Player: Its ok guys, hes a grey, he wont aggro unless you touch him.
 

S

Sunseeker

Guest
Every time someone mentions "level scaling", my mind goes straight back to Elder Scrolls: Oblivion. If anyone has played it, you're familiar with the problem that level-scaling mechanics brought about. At low levels you'd run into packs of wolves, maybe a bandit. At higher levels, the world was practically FILLED with roving packs of powerful necromancers and there was rarely a moment you weren't being attacked by a who troop of some of the most powerful beings in the world.

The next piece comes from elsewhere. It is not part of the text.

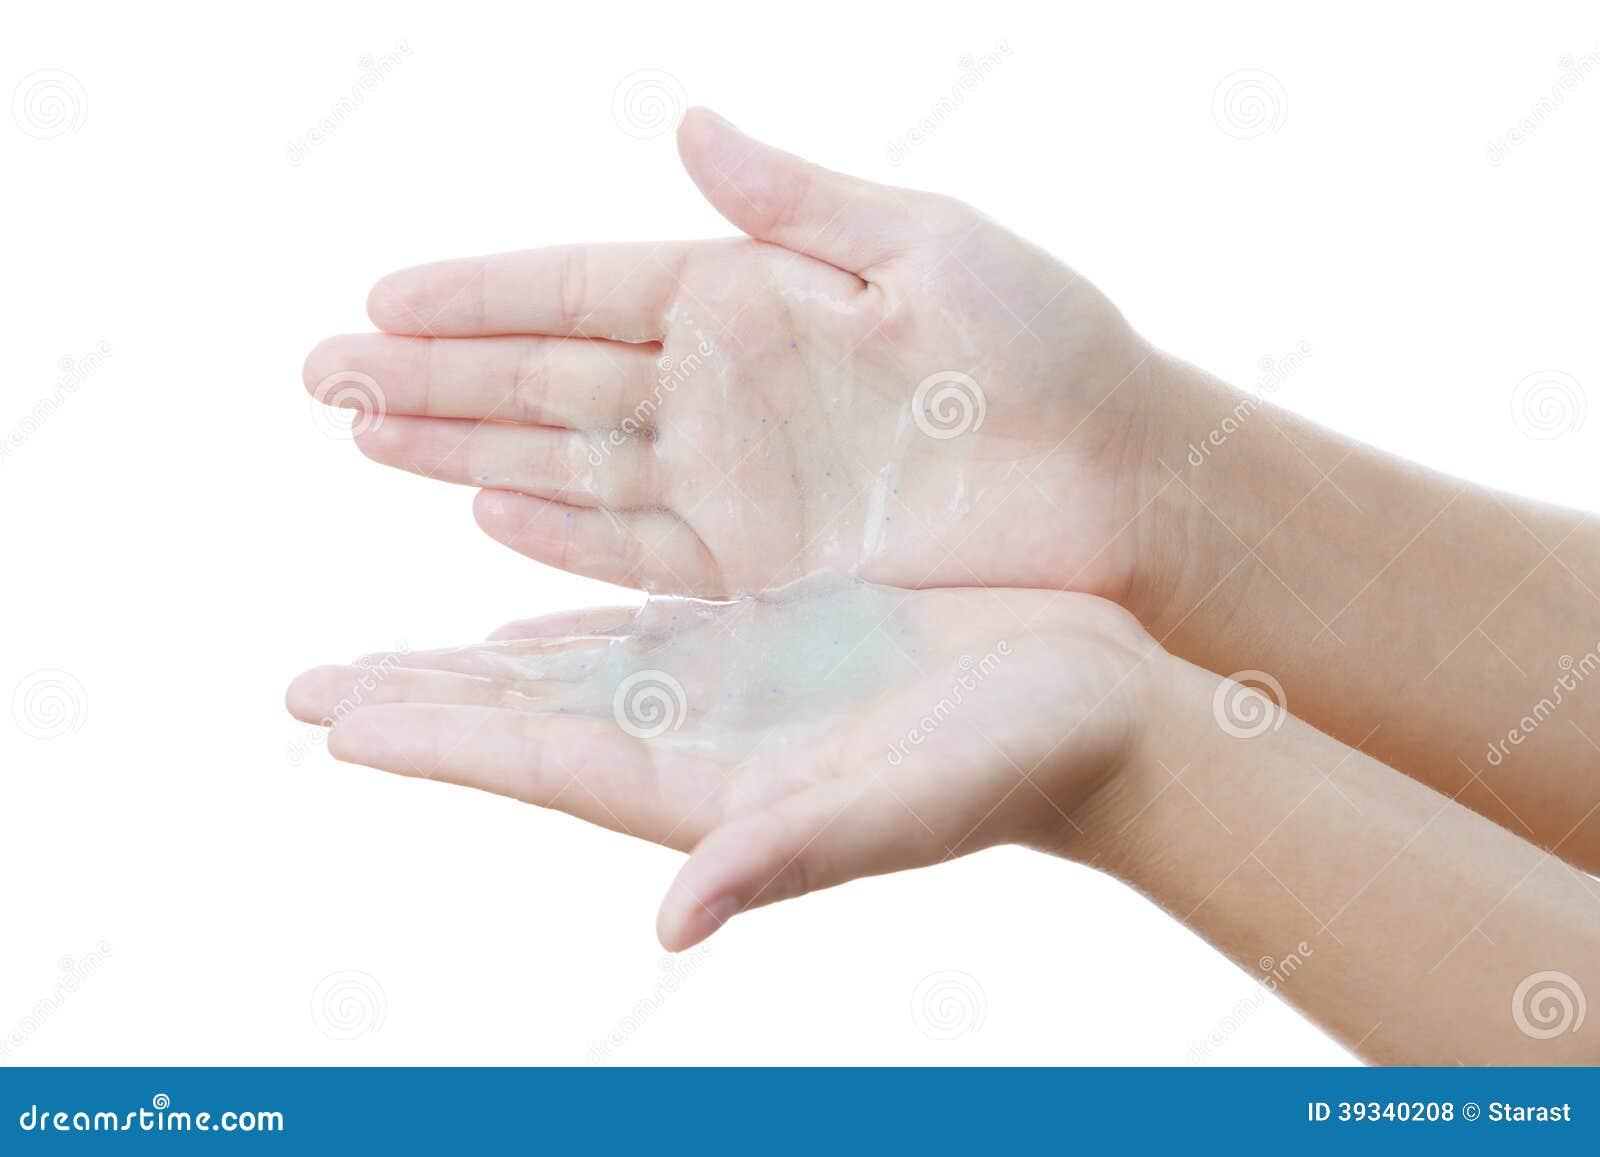 Apply Cream On Skin Hand Stock Photo - Image: 39340208

Level as a representation of power is also a representation of rarity(not to be confused with MLP), there aren't many 20th+ level things in the world. There's one or two liches, a handful of dragons, and maybe a dozen adventurers of similar power to you.

If the townsfolk, the town guard, that wizard who sold you your lvl1 wand for way too much, that band of orcs in the hills all level with you, then either you're not gaining much power, or somehow everyone is managing to gain equal power to you. Either system makes progression rather silly, the former, you're really getting nowhere. The latter, no matter how far you get, you're still at risk of being bested by the same guys you already beat.

Maybe it's just me, but I don't understand the attraction of "flat" systems.
 

Infiniti2000

First Post
I don't understand the issue, either. I reread the OP and don't see any explanation of the actual problem, just that there's some issue that needs to be resolved.